Много лет назад мои знакомые попросили меня немного привести в порядок только что купленный ими дом, стоявший в старинном селе с жутким названием Небылое. Наверное, ради названия я и согласился. Я думал, что ничего лучше в национальных топонимах я уже не найду, и только раз и через много лет в другой, более дворянско-помещичьей части русских названий, в мемуарах Петра Щукина, нашел имение графов Гендриковых «Напрасное», составившее Небылому изящную пару. Но дело не в названиях. Это был не очень старый кирпичный дом послевоенной неаккуратной постройки, крыша текла, чердак мокрый, двор завален отходами кролиководства, в пристройке вывалились рамы – но это все ушло на второй план: упал забор. И я дней пять вкапывал столбы и ладил к ним длинные слеги рухнувших прясел, чтобы создать ограду – первым делом, раньше крыши. Не от кого в этом запустелом месте было отгораживаться и незачем, но иначе было нельзя. Животное древнее чувство заставило меня работать без перерыва. Топор был ничего, в хламе нашелся брусок, и я его хоть как-то вострил, а пила дрянь, оттого столбы не подровнять, и они высоченные. И на верхушки столбов, как головы врагов, пошли круглые по больше части битые чугунные горшки со двора – чтобы столбы не мокли. Я помню над забором безумную яркую луну, совершенно круглую и кричаще-белую, в ночь какого-то пятого дня, и забор, уже выставленный по квадрату – все. Огромное везде – за, но ограда есть, и можно успокоиться. Сломав себе ребро при перетаскивании бревен, но все ж отстроив границу между мной и Небылым. Я тут есть, короче если: Hier stehe Ich und kann nicht anders.
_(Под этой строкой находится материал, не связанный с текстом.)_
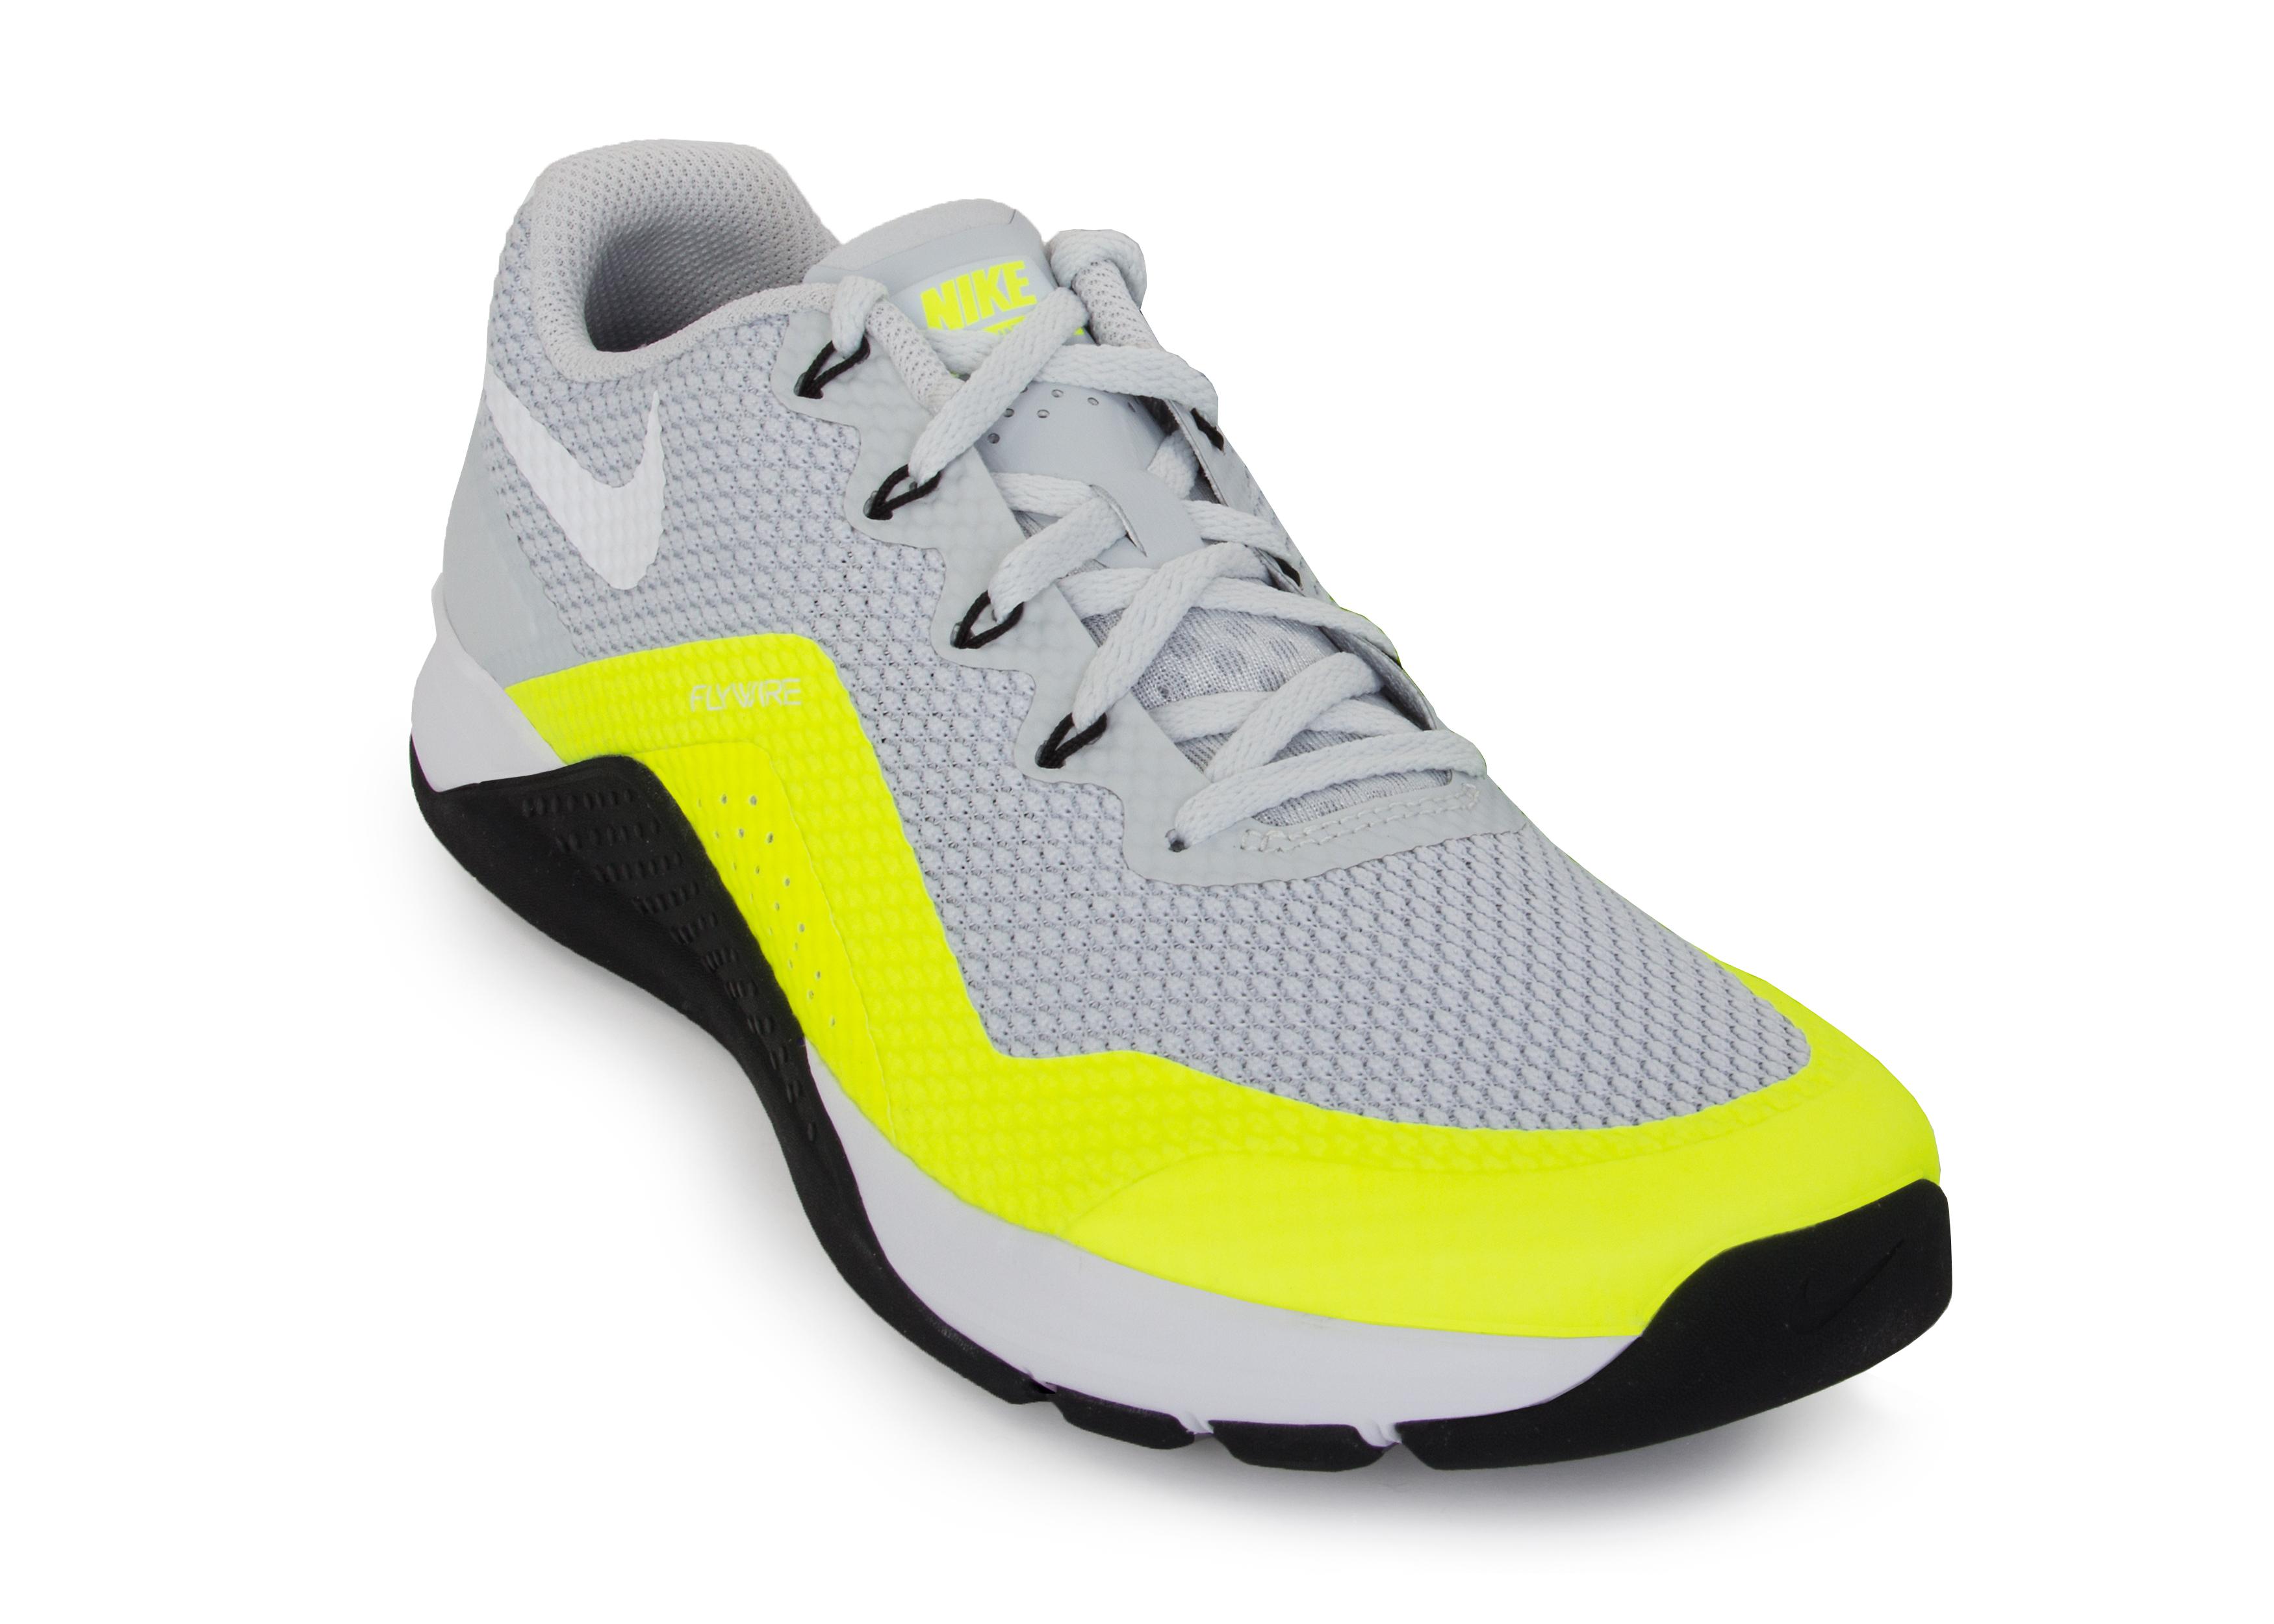 Nike Metcon Repper DSX Training Shoe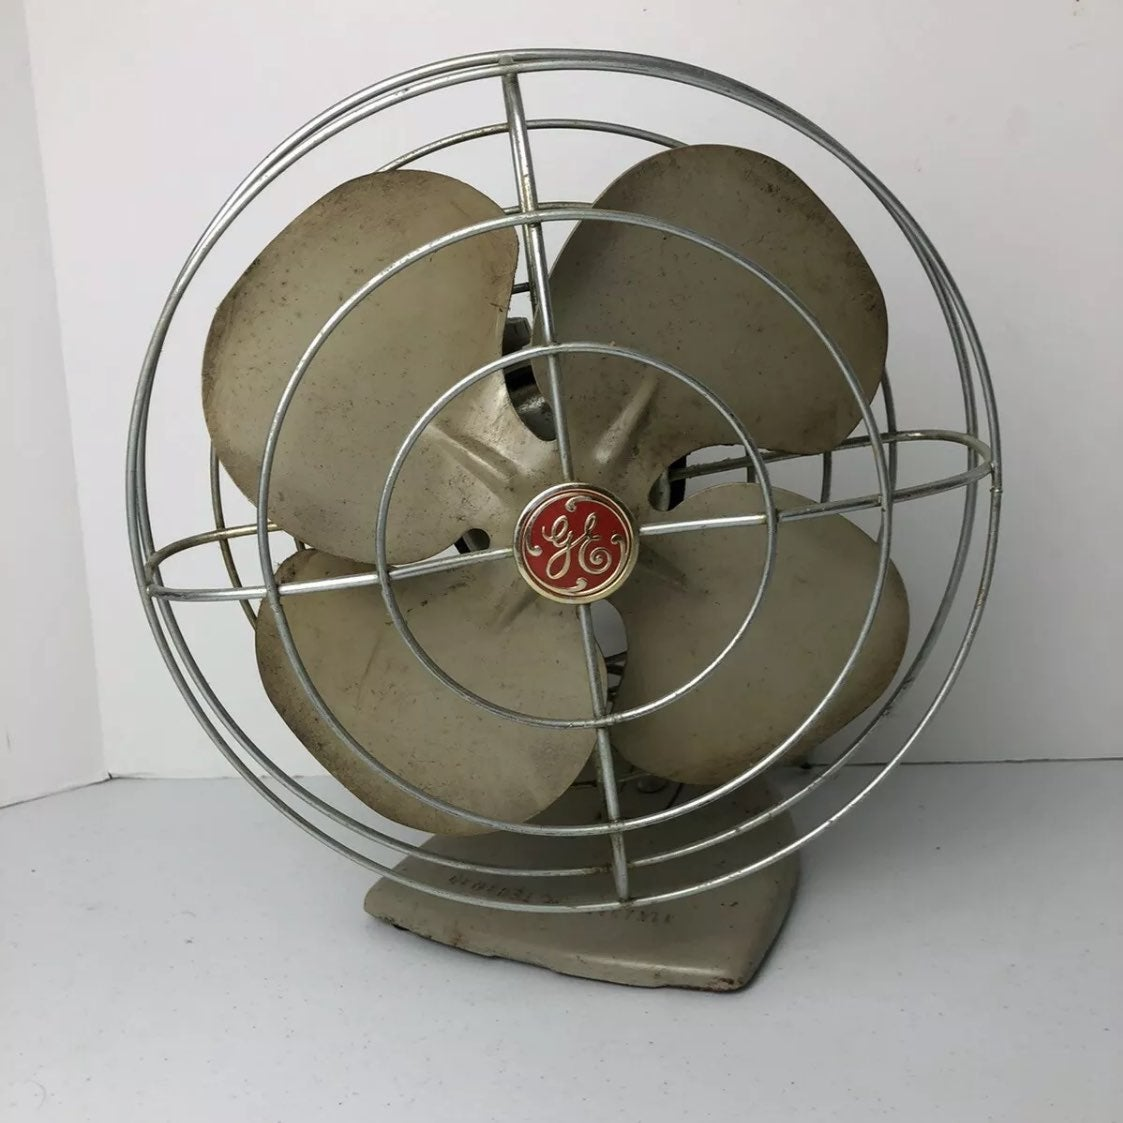 Oscilating General Electric Fan No. 74

История соотношения круга и квадрата в первоначальных человеческих ориентациях слишком длинна и слишком очевидна, чтобы тут ее излагать. Можно припомнить всевозможные схемы, ориентированные на мандалу (слово само означает «круг» и «сообщество» на санскрите) – тибетскую икону, или древнейшие артефакты Индостана, или планировку индийских храмов – о чем-то мы еще поговорим. Но квадрат или квадраты в круге – это не только мандала, это магические печати Джона Ди, это диаграммы Бруно для вызова духов – и тут ясно, что квадрат более собственно человеческая форма, в отличие от космического круга, и их надо как-то сопоставить и даже соединить, чтобы сработало это короткое замыкание архетипов – различить и передать формы верхнего мира и отстоять, оградить в них (и даже от них!) себя. Конечно, тут остается неназванной и еще долгое время неприменимой к архитектуре последняя форма космического совершенства, предполагаемая кругом, – это сфера. Невидимо, но ощутимо она загадана в Пантеоне в Риме, в который идеально вписывается шар; видимо и идеологически явно – много позже, надо ждать Булле и Леду. Но ведь круг космоса – ну вспомнить если луккскую рукопись Liber divinorum operum Хильдегарды Бингенской – это всегда плоская проекция сферы, так что она загадана в любой круглой диаграмме, будь псалтирь Робера де Лилль, Rotshild Canticles или парижский Бревиарий Любви. В конце концов даже семь сефирот и таблицы Раймонда Луллия.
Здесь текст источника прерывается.